**Work to be completed:** Repeat the listing word for word. No pictures belong in the copy.

**Data extract:**
++++++
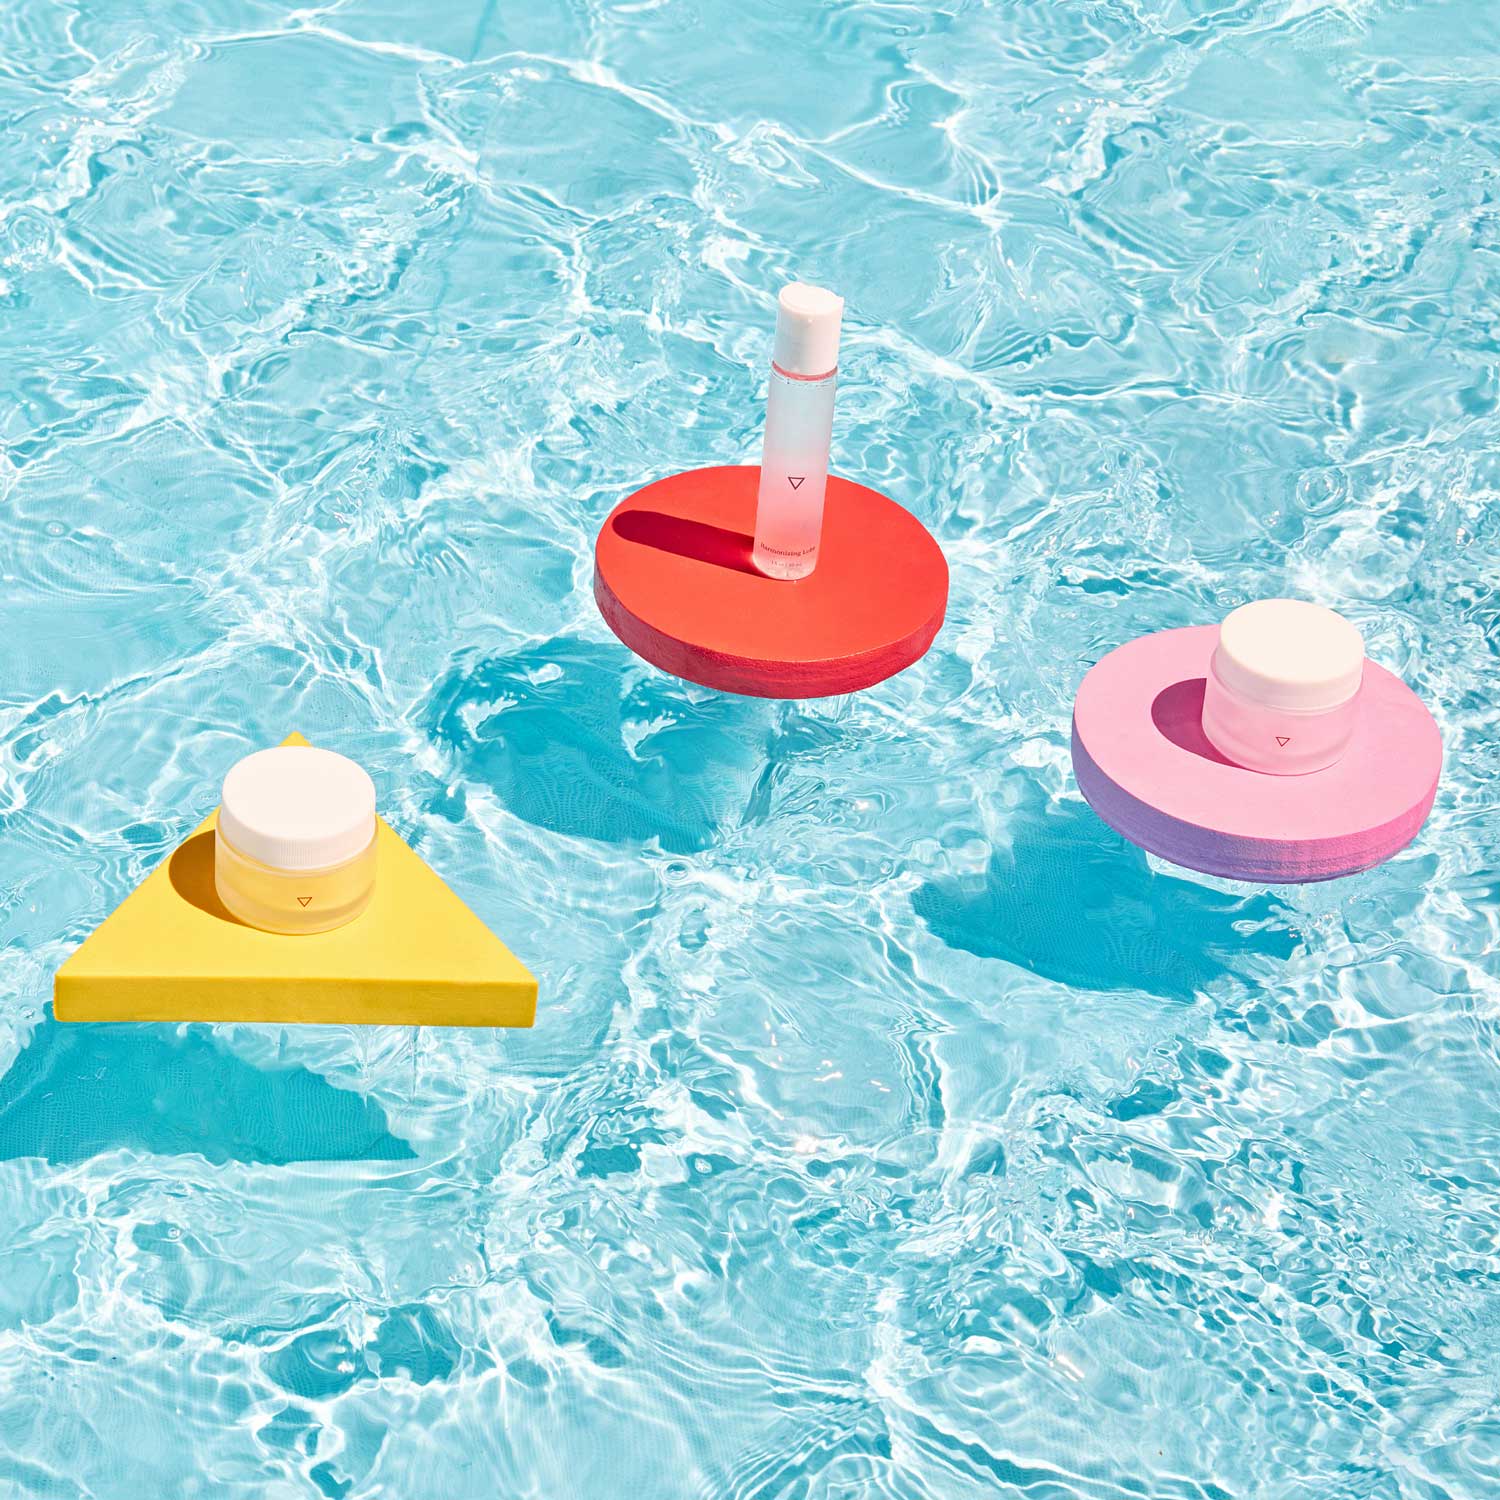 Medication floating in pool on colorful geometric shapes
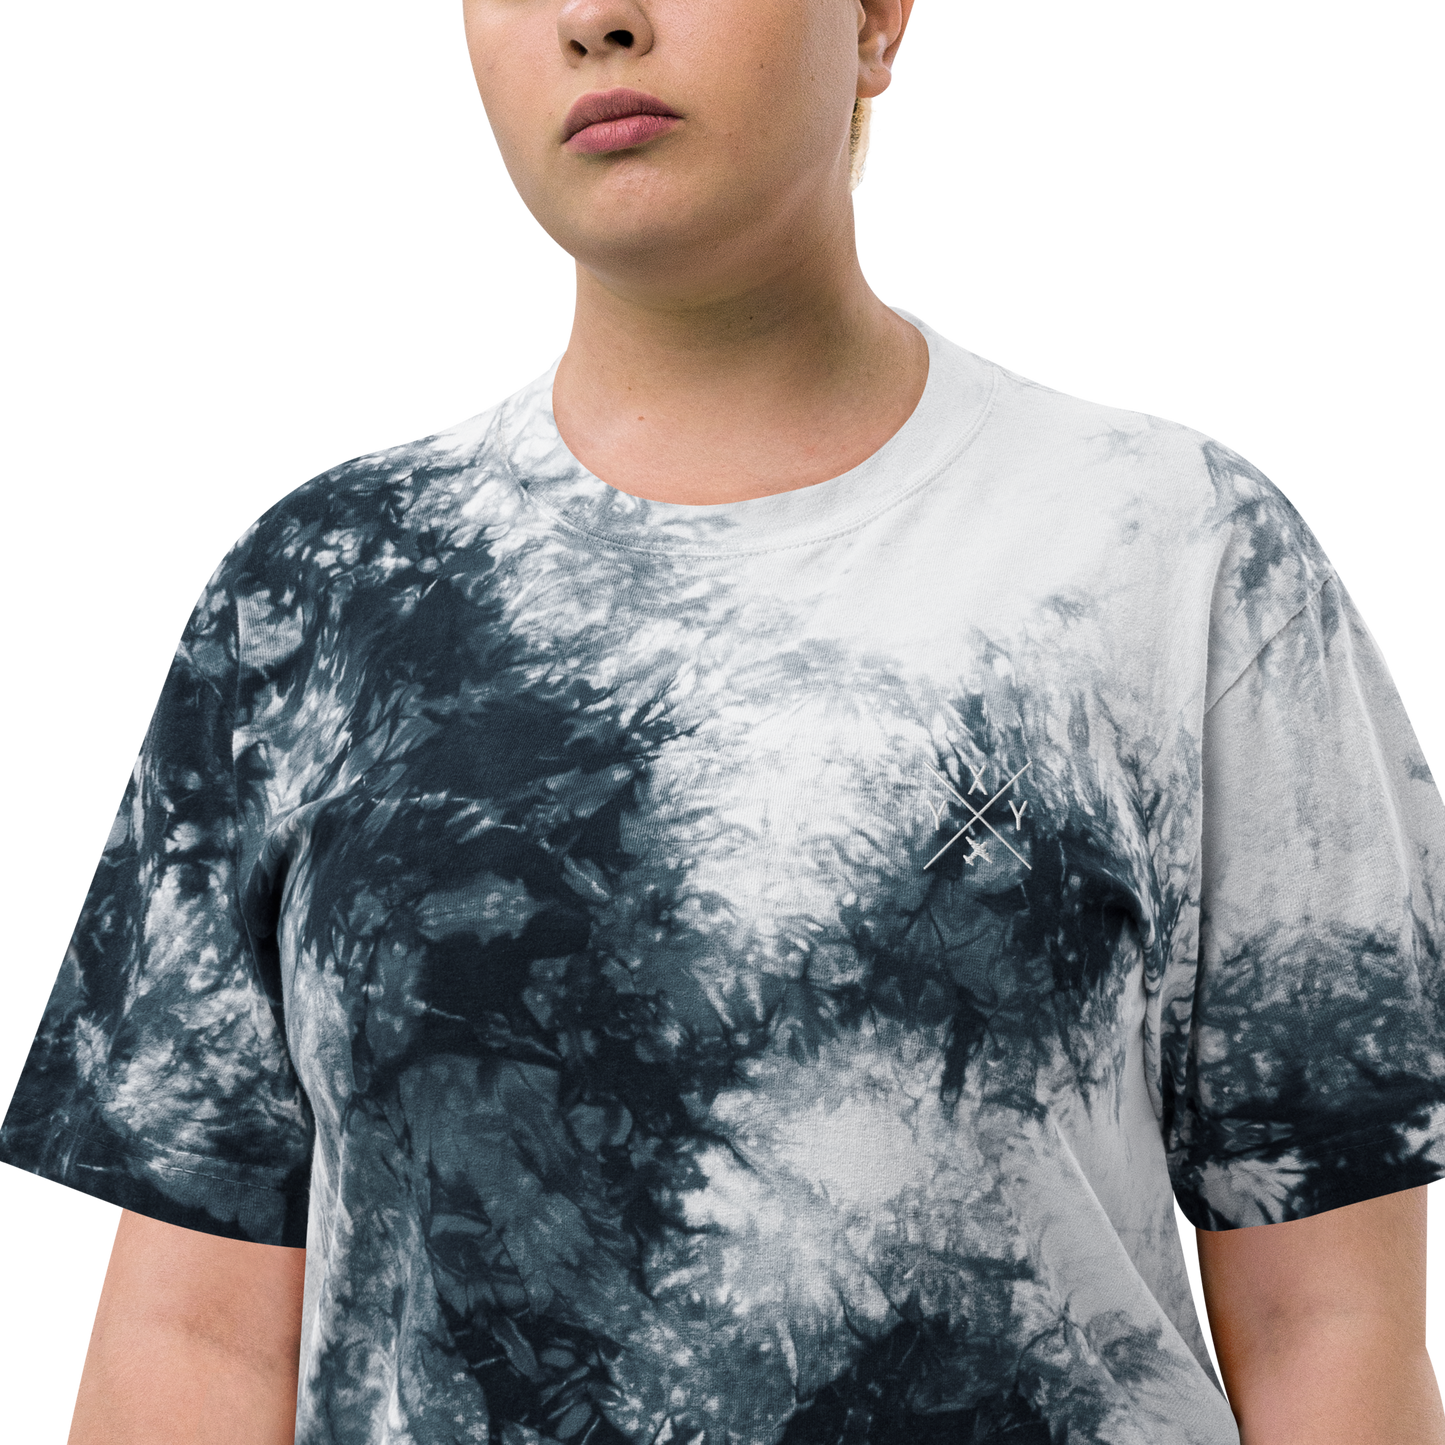 YHM Designs - YXY Whitehorse Oversized Tie-Dye T-Shirt - Crossed-X Design with Airport Code and Vintage Propliner - White Embroidery - Image 18
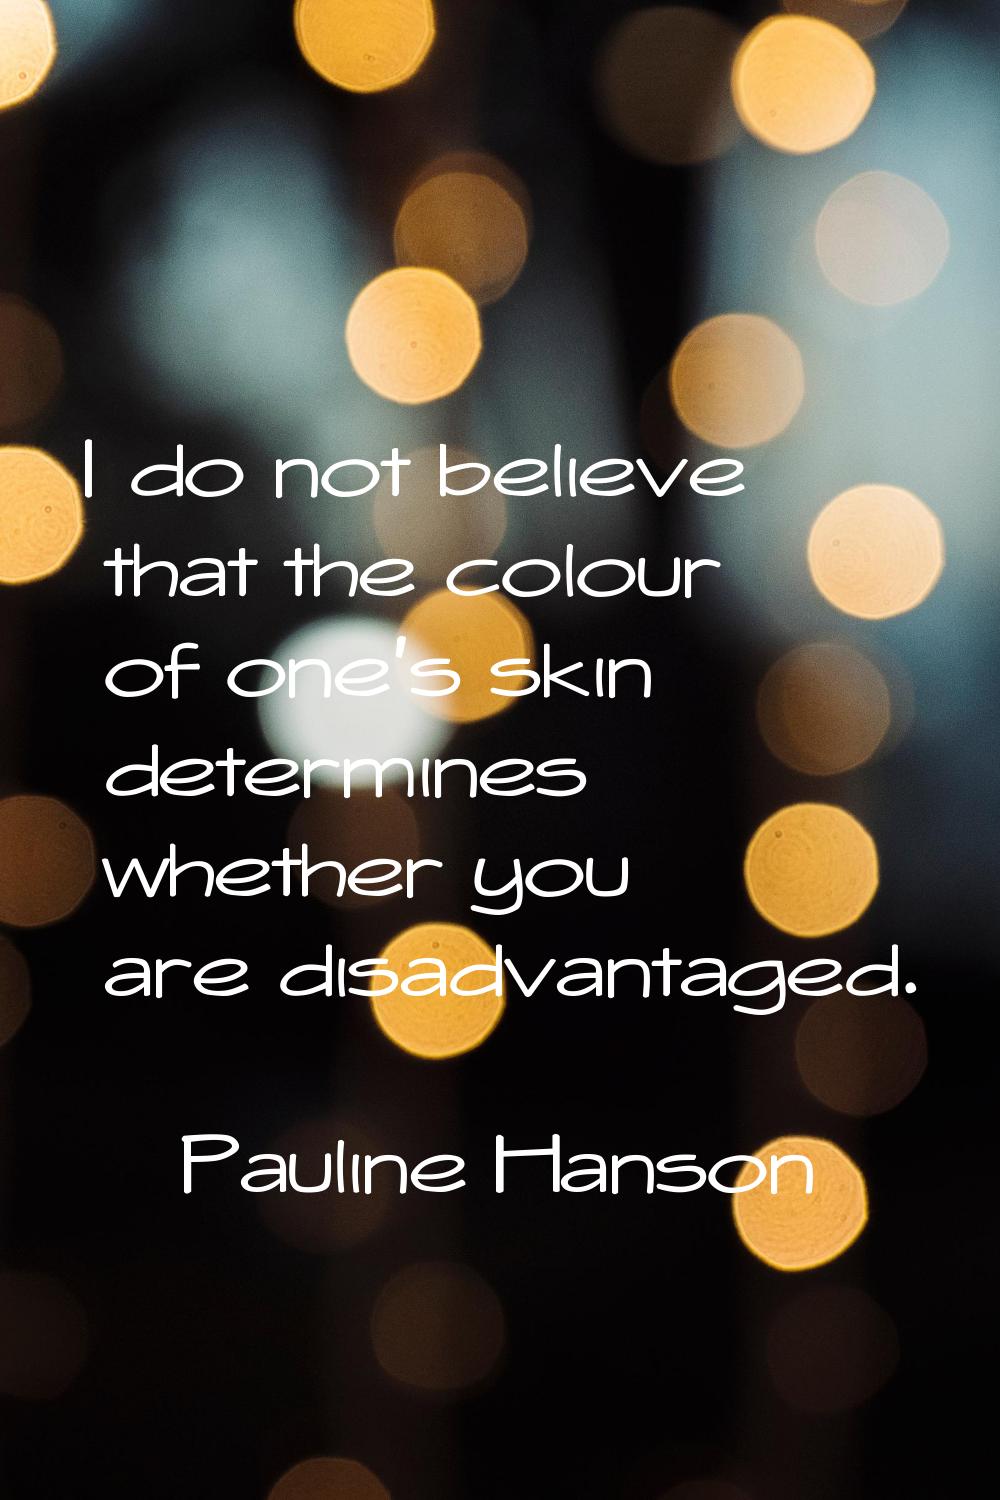 I do not believe that the colour of one's skin determines whether you are disadvantaged.
++++++
**Result:**
 Medication floating in pool on colorful geometric shapes
 YHM Designs - YXY Whitehorse Oversized Tie-Dye T-Shirt - Crossed-X Design with Airport Code and Vintage Propliner - White Embroidery - Image 18
 I do not believe that the colour of one's skin determines whether you are disadvantaged.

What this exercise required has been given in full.